EXERCISE DETAILS: Line by line, transcribe the data below exactly and pass over the images.

::: DATA BELOW

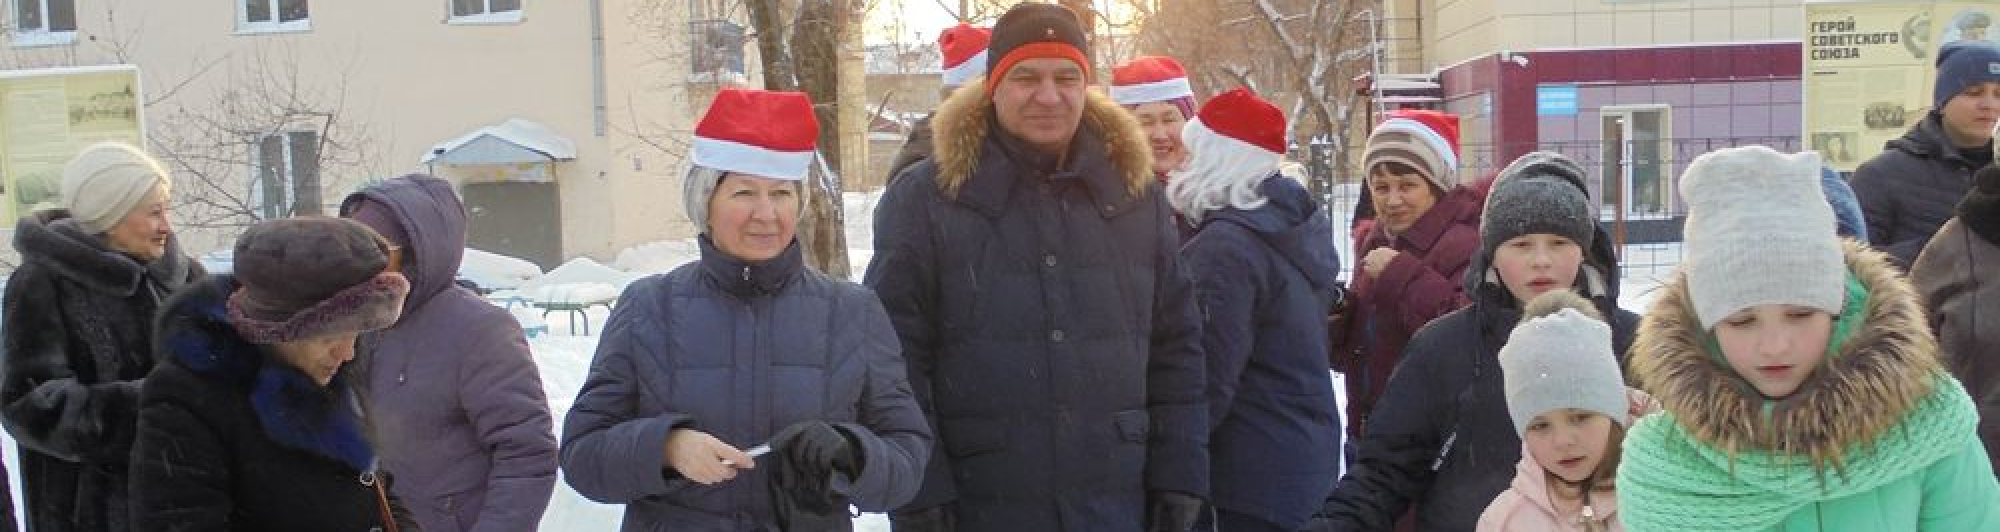 Игорь Морозов принял участие в новогоднем празднике в микрорайоне АРЗ
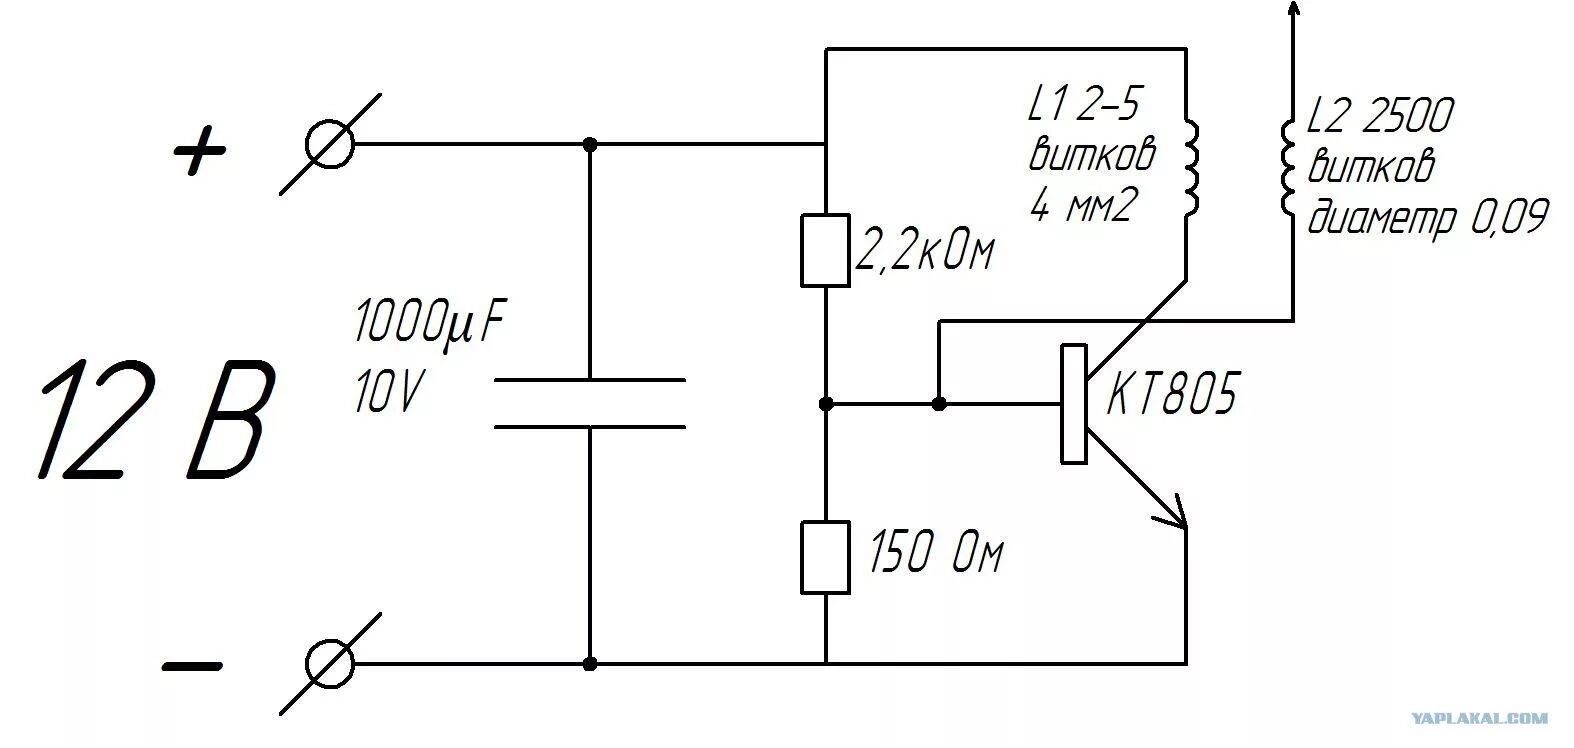 Схема катушки Тесла 12 вольт. Схема катушки Тесла на транзисторе кт805. Схема качер Бровина катушка Тесла. Катушка Тесла схеме качера Бровина.
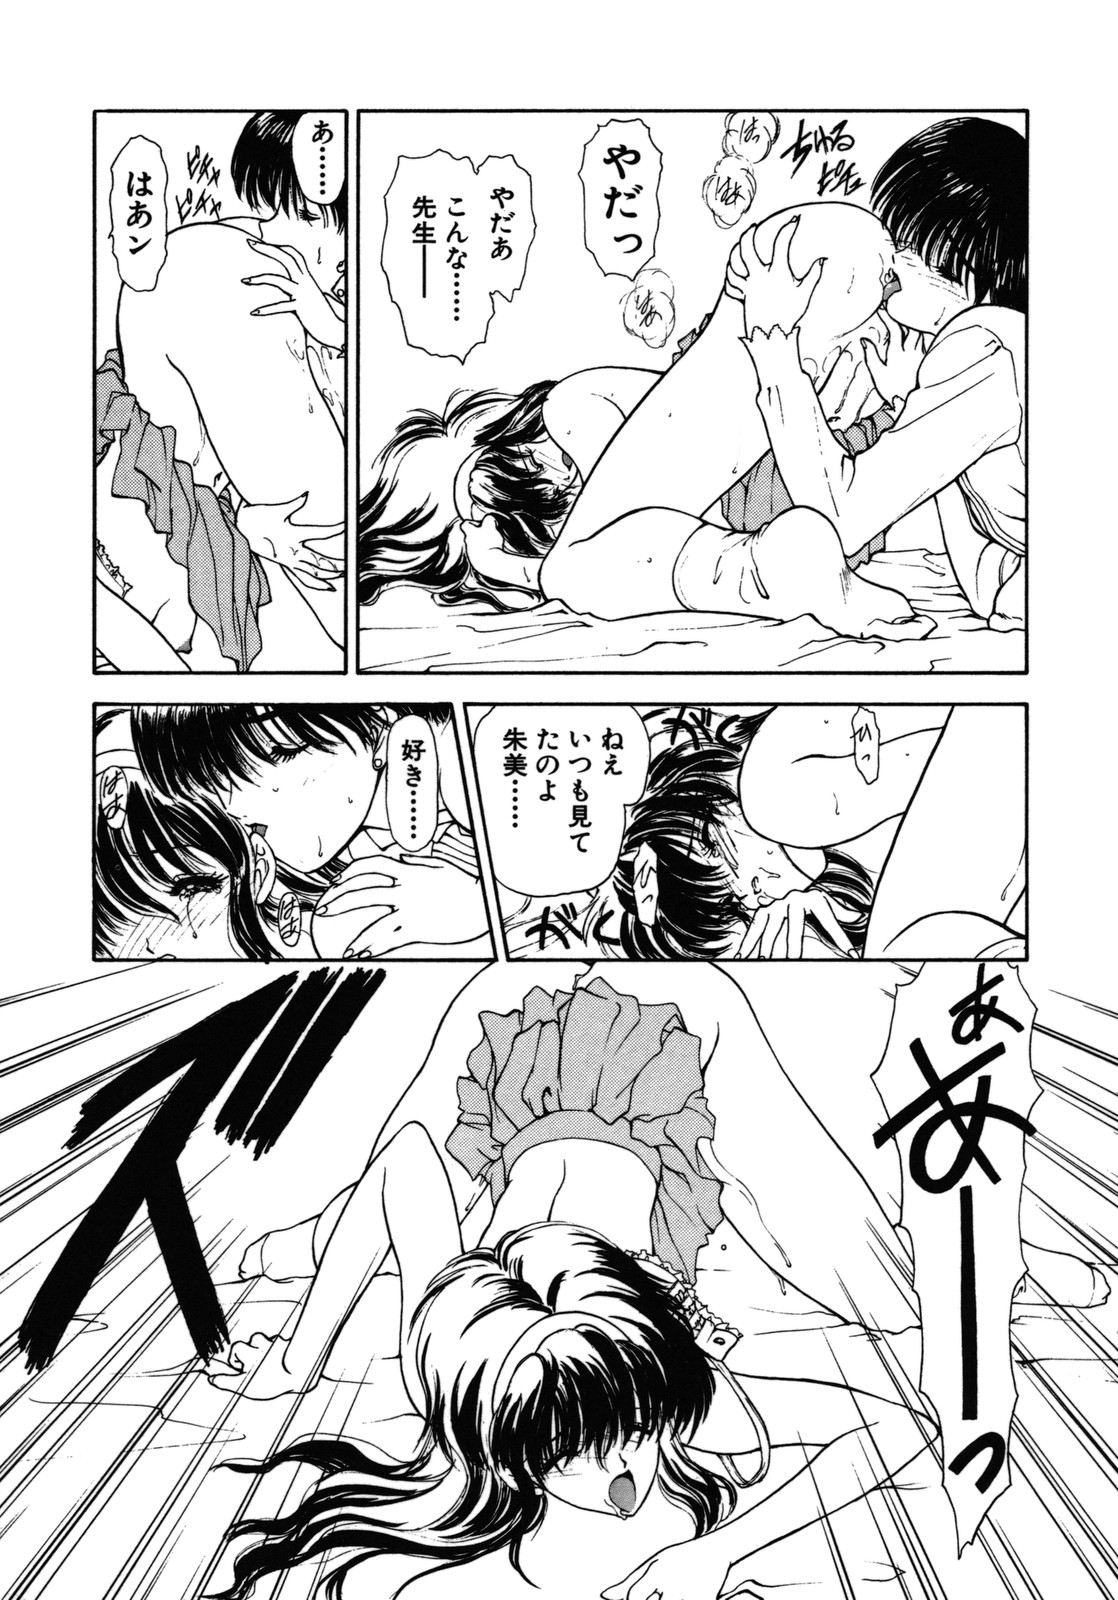 [Utatane Hiroyuki] COUNT DOWN page 43 full
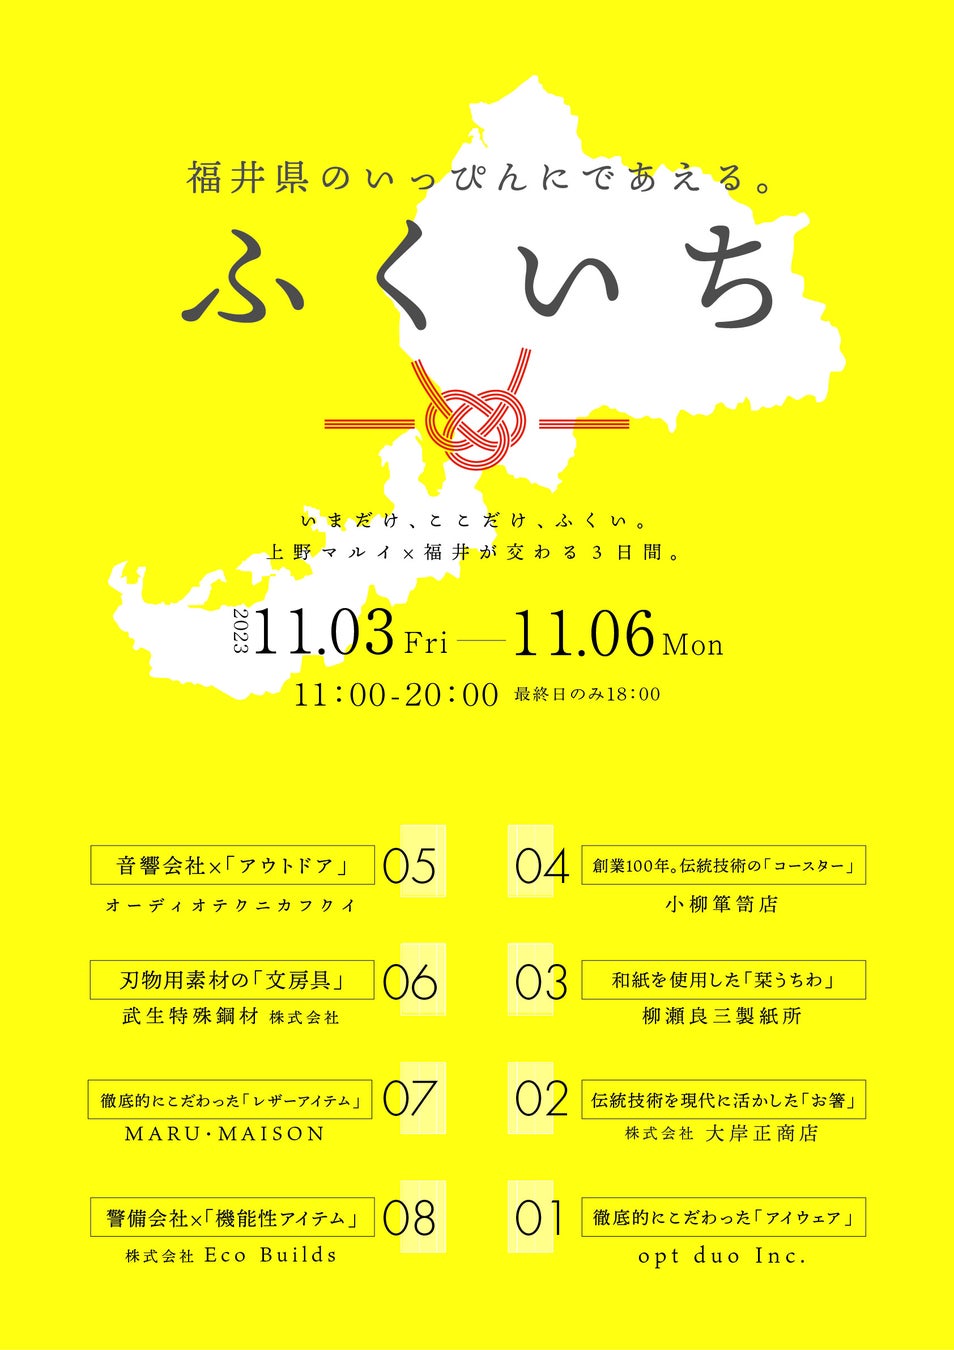 【初出店】福井県と言えば？？　福井の企業8社が「逸品」を展示。上野マルイにて「テストマーケティング」開催／期間限定の展示・販売イベント「ふくいち」を開催

::::::

ANSWER BOX:
 Игорь Морозов принял участие в новогоднем празднике в микрорайоне АРЗ
 Схема катушки Тесла 12 вольт. Схема катушки Тесла на транзисторе кт805. Схема качер Бровина катушка Тесла. Катушка Тесла схеме качера Бровина.
 [Utatane Hiroyuki] COUNT DOWN page 43 full
 【初出店】福井県と言えば？？　福井の企業8社が「逸品」を展示。上野マルイにて「テストマーケティング」開催／期間限定の展示・販売イベント「ふくいち」を開催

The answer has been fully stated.